Top of Data supplied
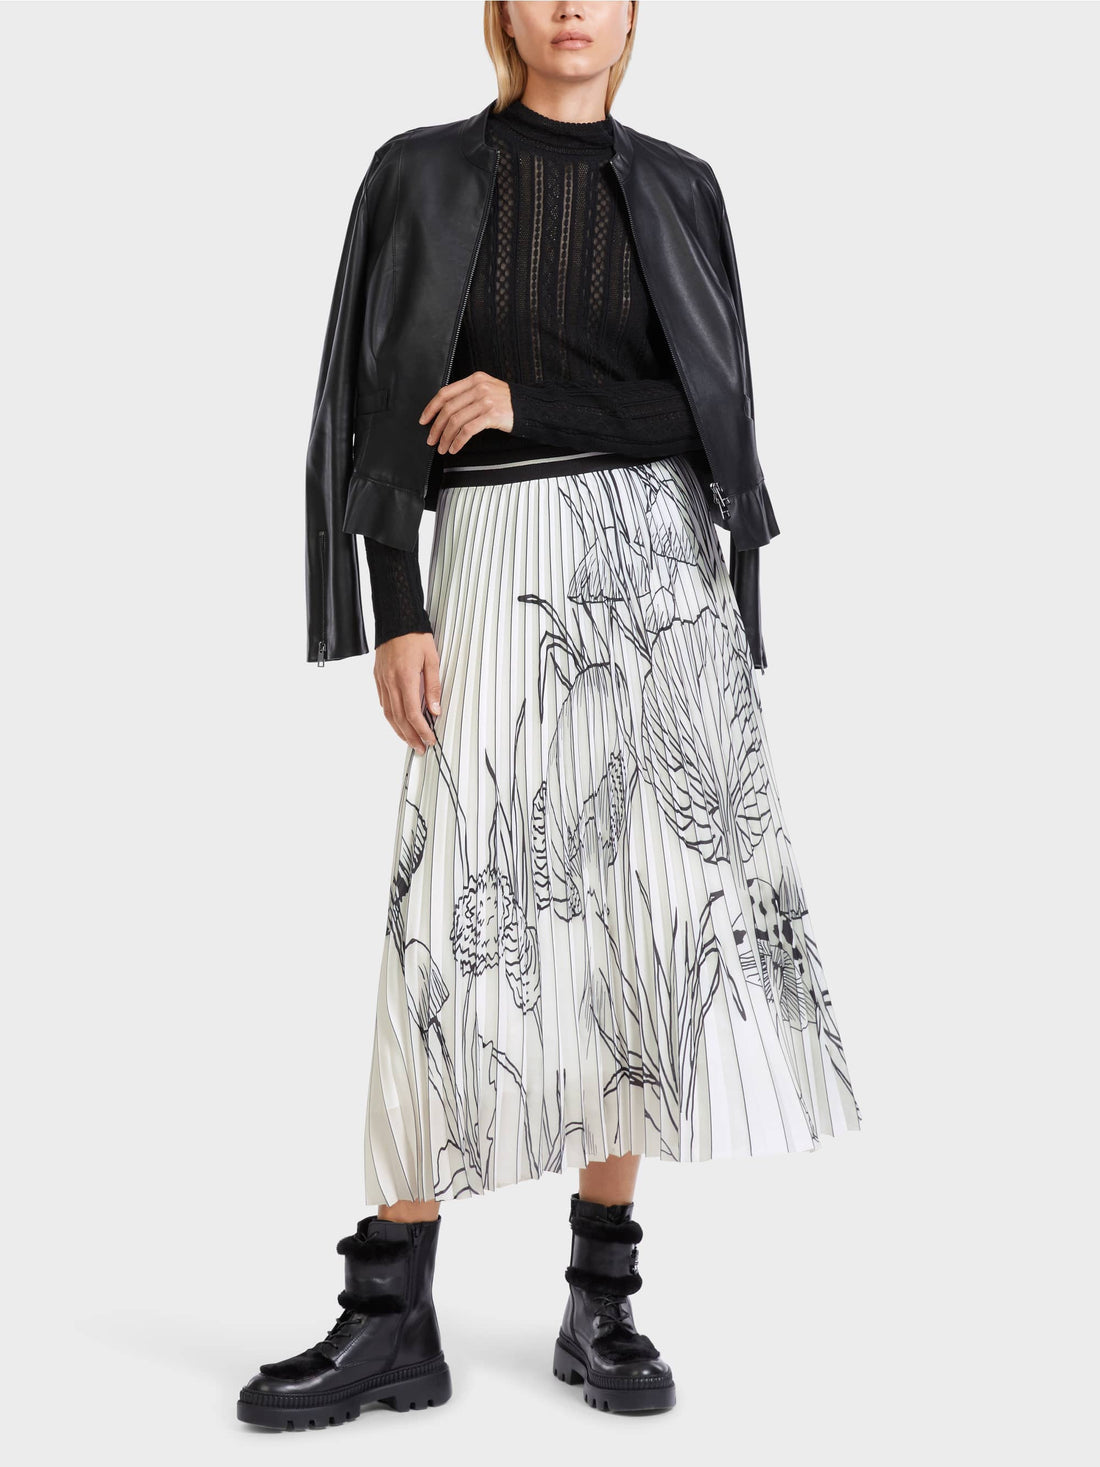 Pleated Rethink Together Print Skirt_VC 71.20 W76_110_01
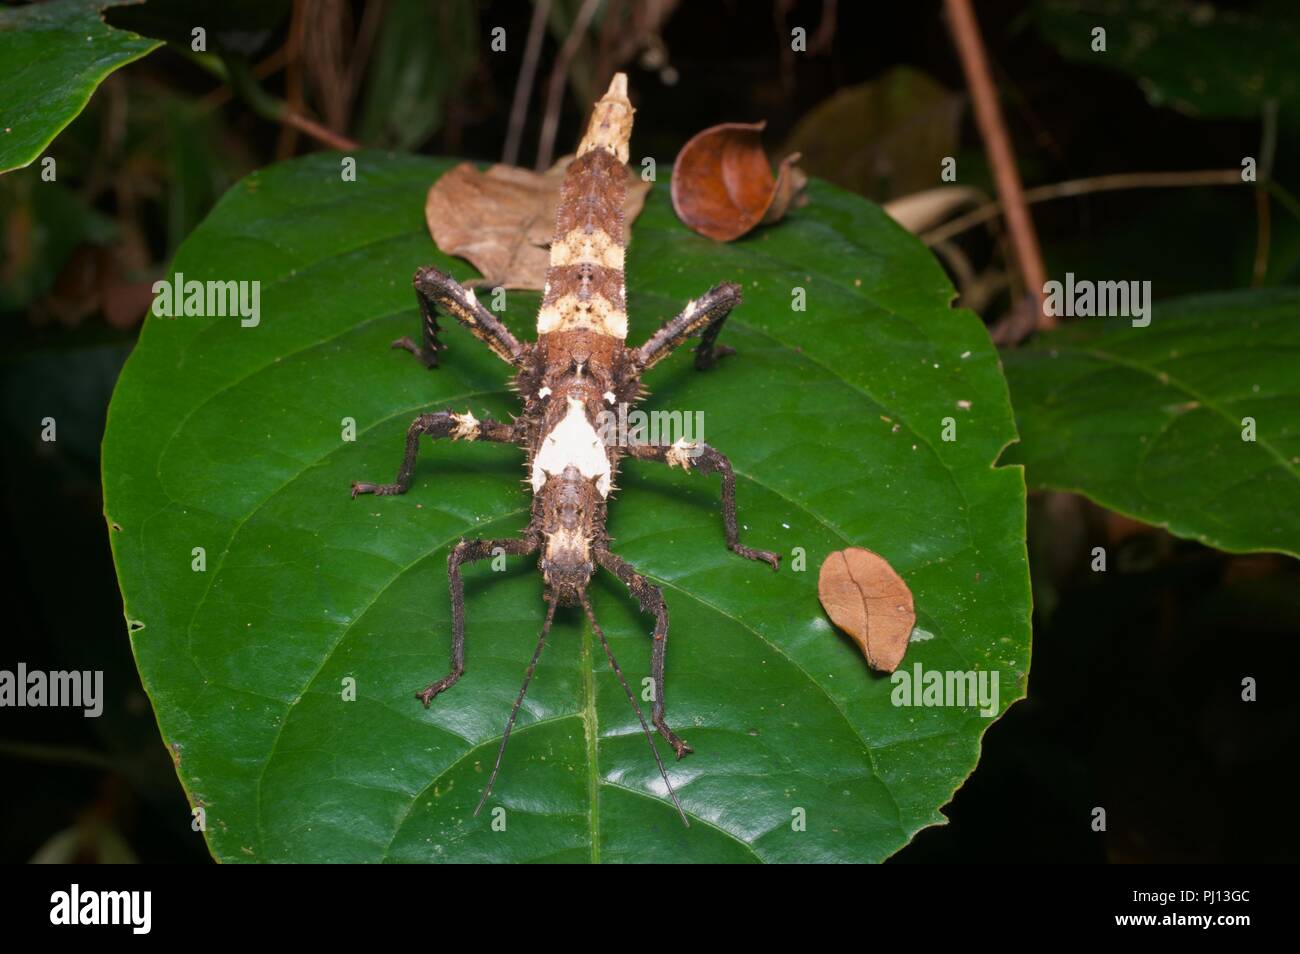 A stick insect (phasmid) on a rainforest leaf at night in Kubah National Park, Sarawak, East Malaysia, Borneo. Stock Photo
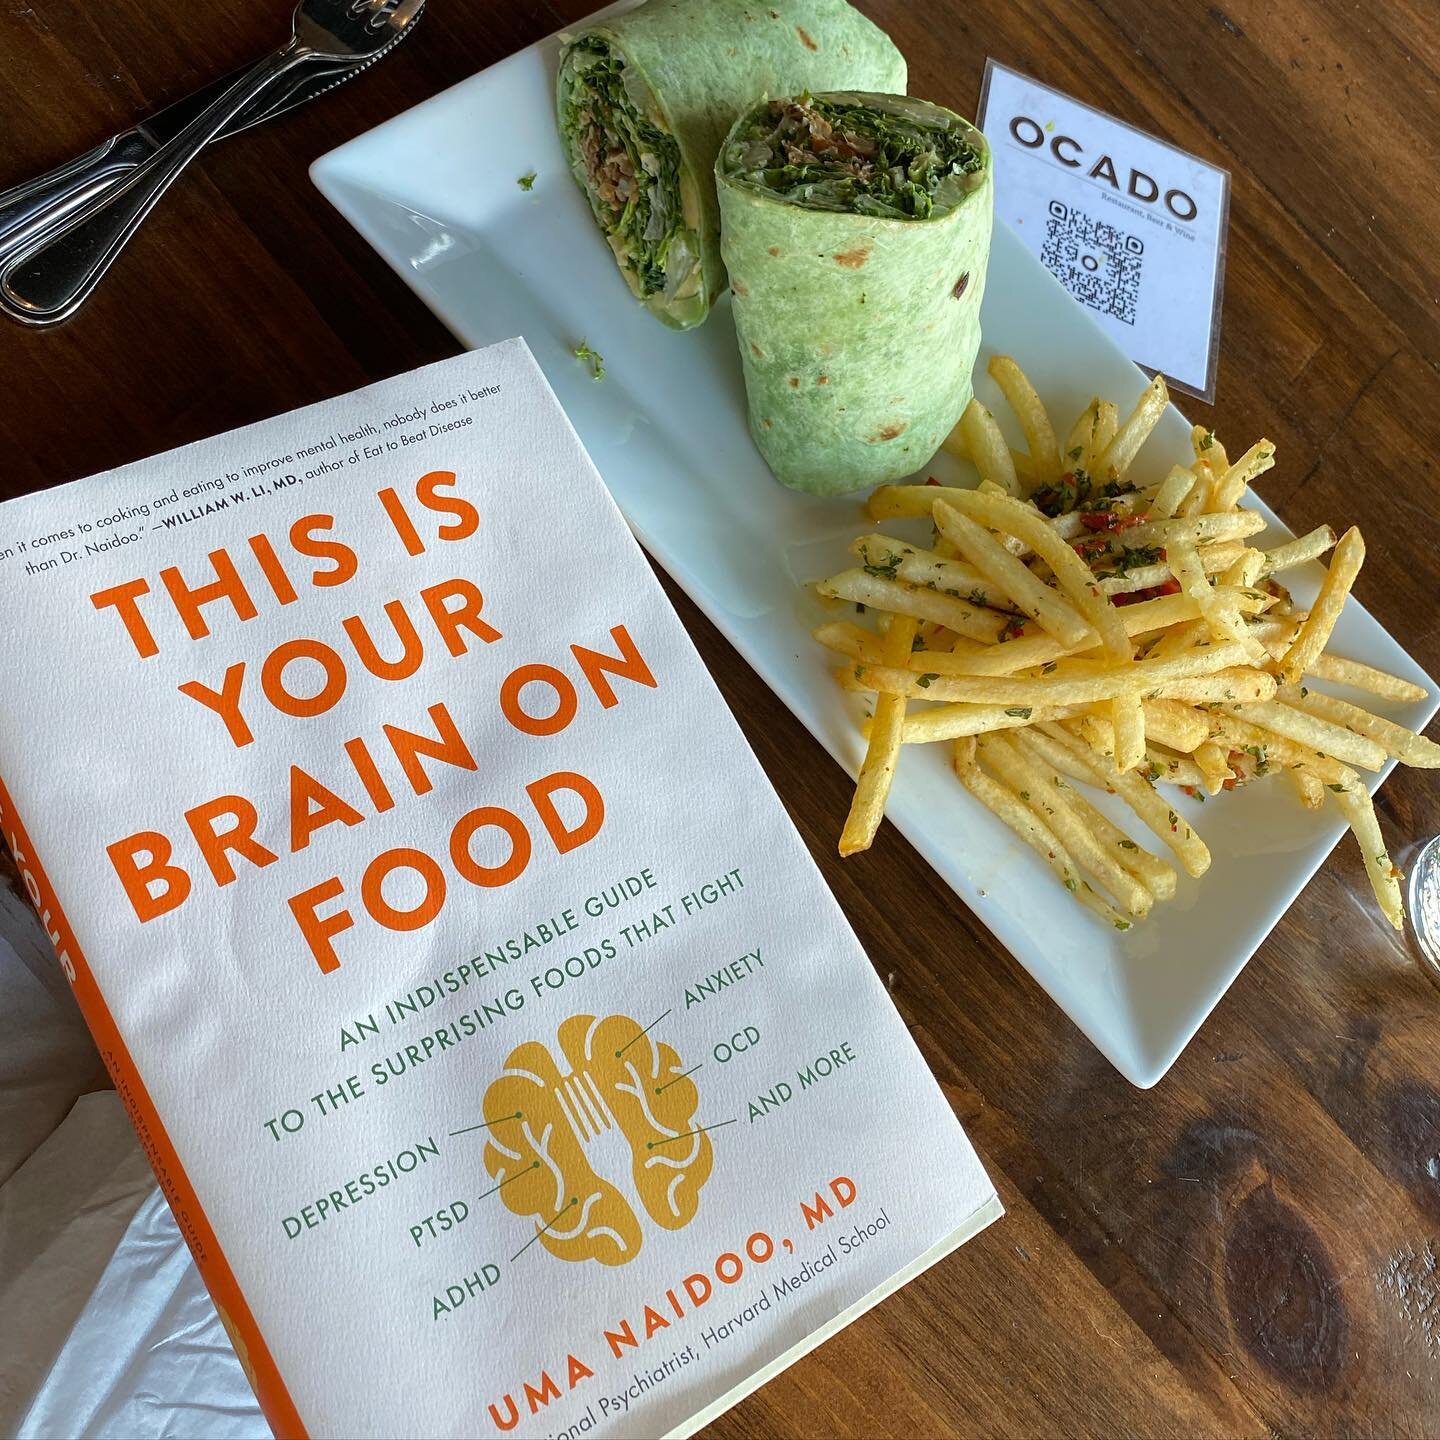 More fascinating studies about nutrition and mental health. A solid book (and restaurant) recommendation from me. 

. . . . . . . . . #food #fit #focus #foodfitfocus #nutrition #fitness #happiness #personaltrainer #healthcoach #plantbased #plantpower
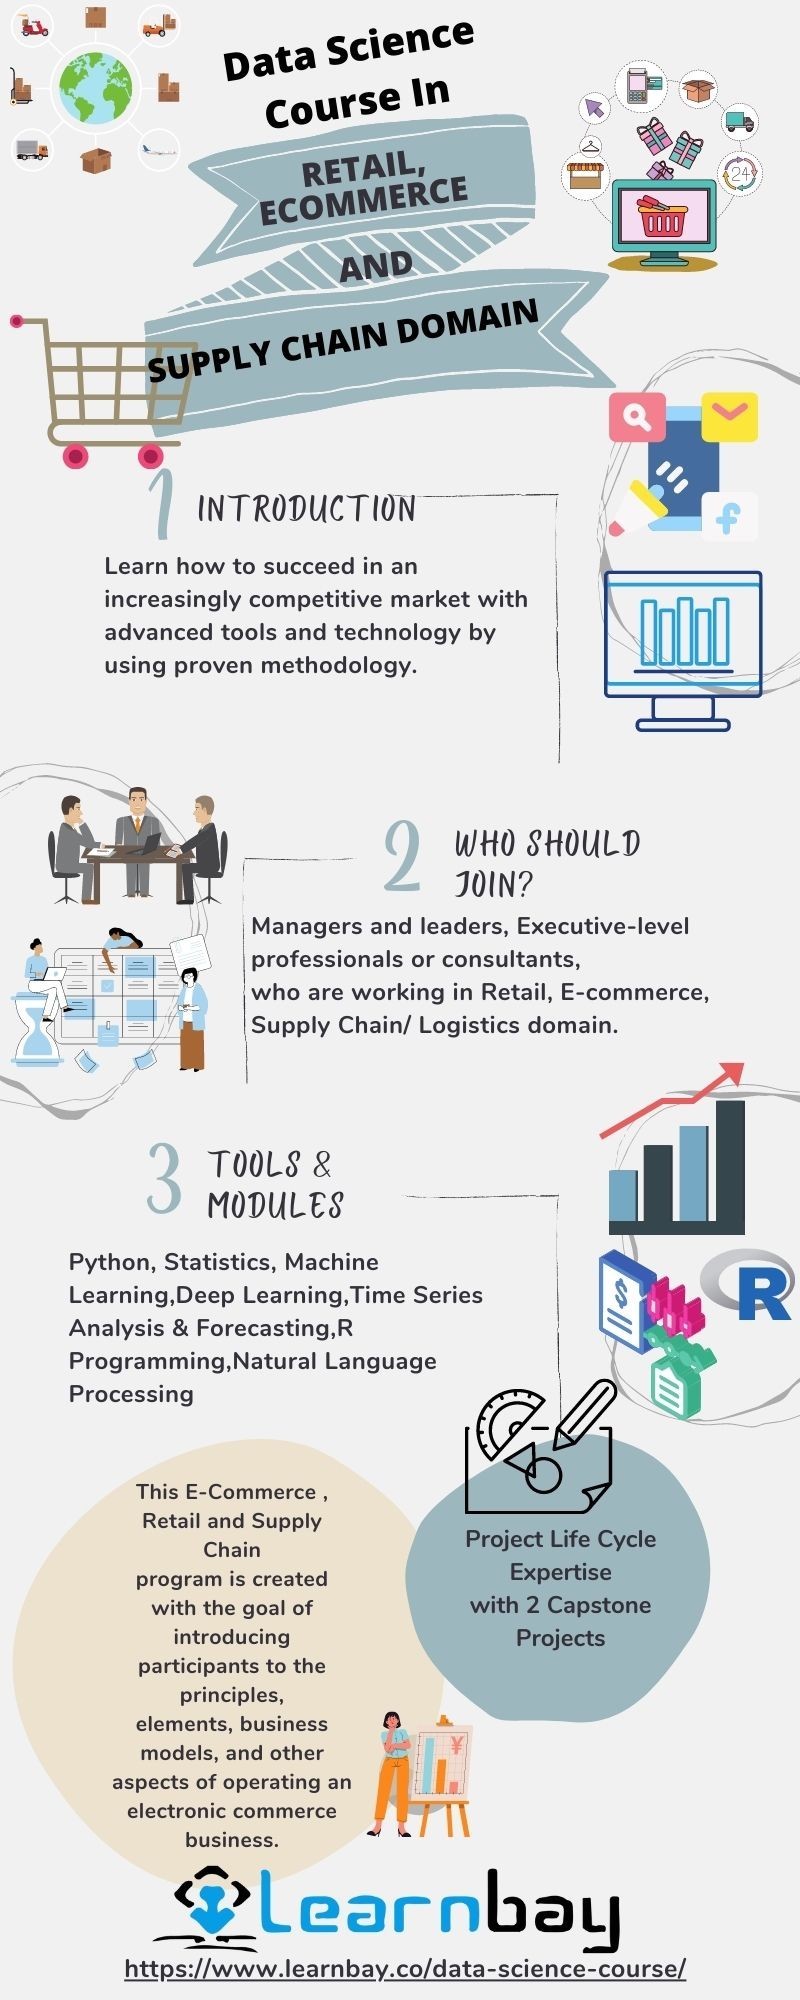 Data Science Course In Retail, Ecommerce And Supply Chain Domain
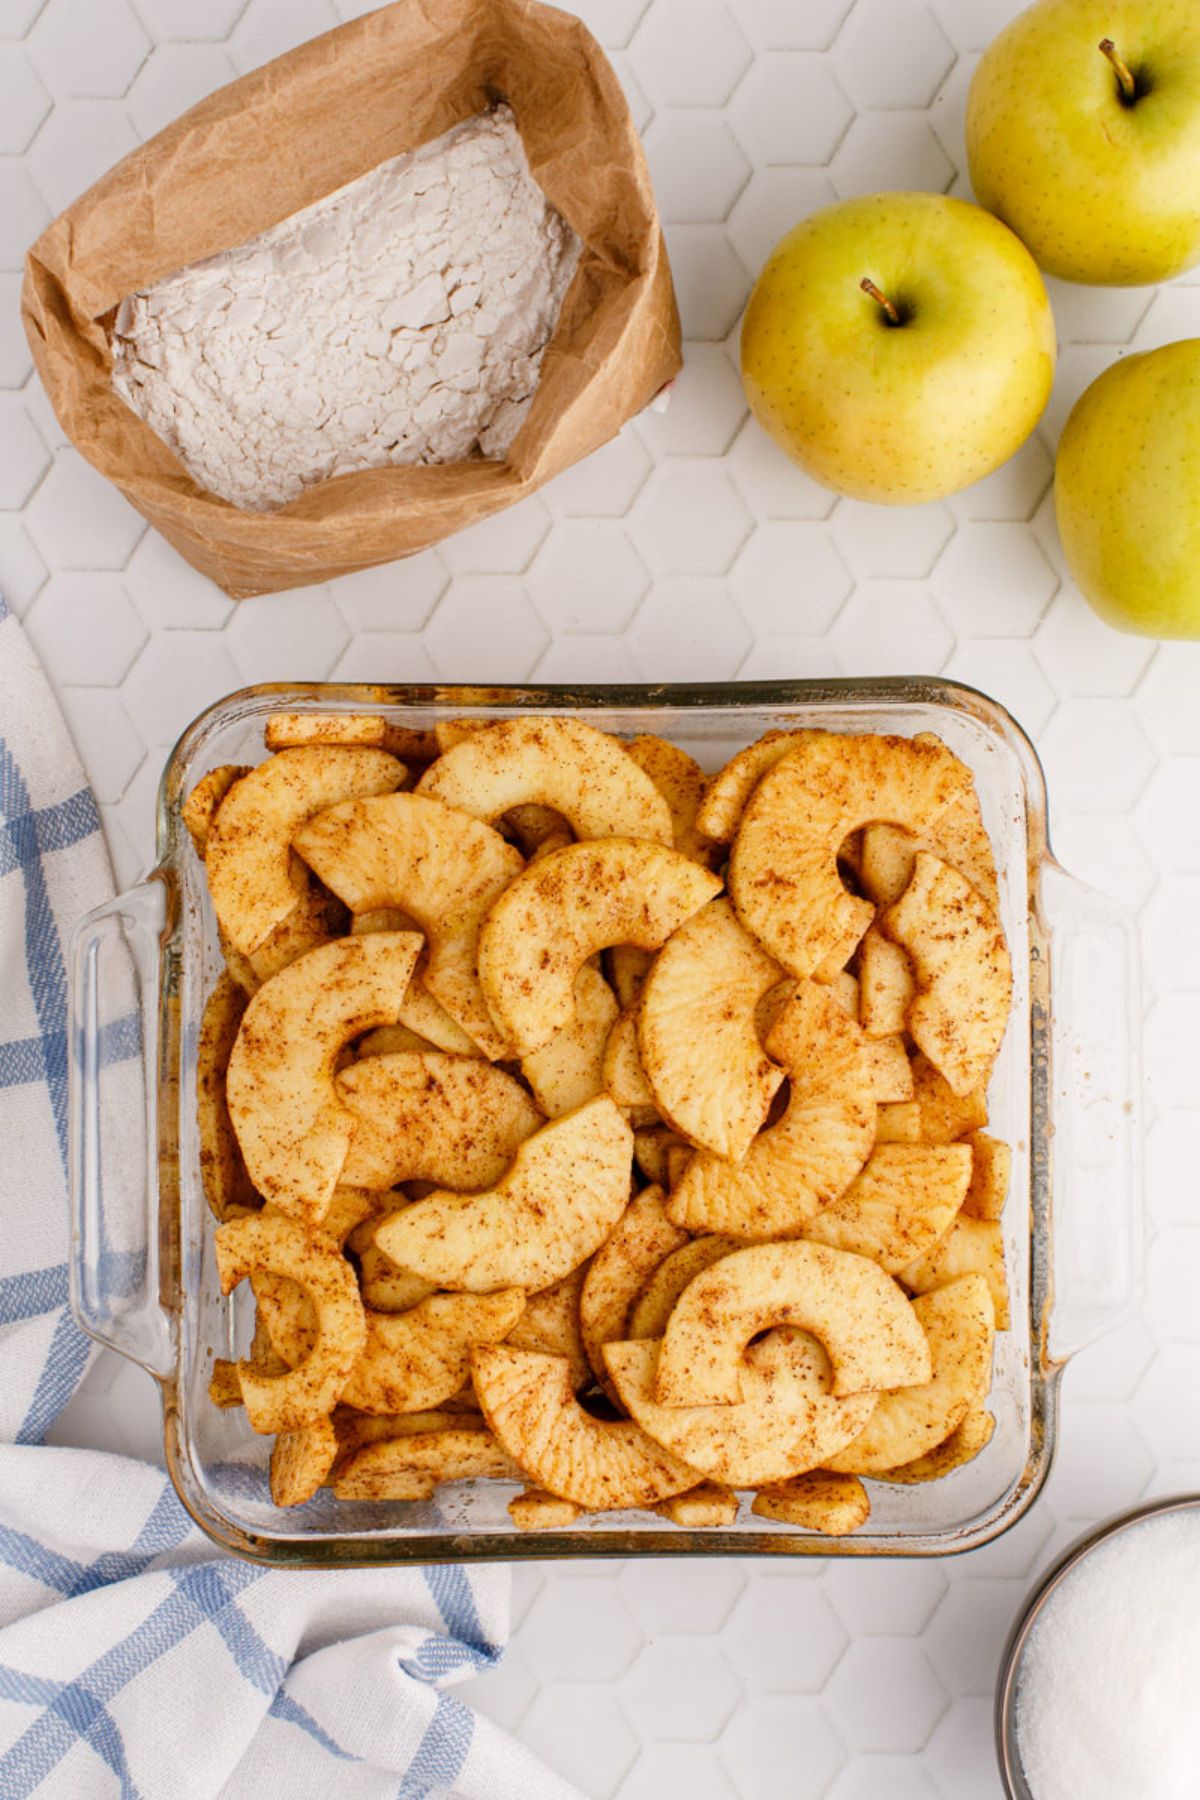 Spiced apples in a baking dish.
Bottom of Data supplied
Requirement ::
Drop the pictures, then reproduce exactly the lines from the one with "#healthcoach #plantbased #plantpower" through the final line of the listing.

Completed exercise ::
. . . . . . . . . #food #fit #focus #foodfitfocus #nutrition #fitness #happiness #personaltrainer #healthcoach #plantbased #plantpower
 Data Science Course In Retail, Ecommerce And Supply Chain Domain
 Spiced apples in a baking dish.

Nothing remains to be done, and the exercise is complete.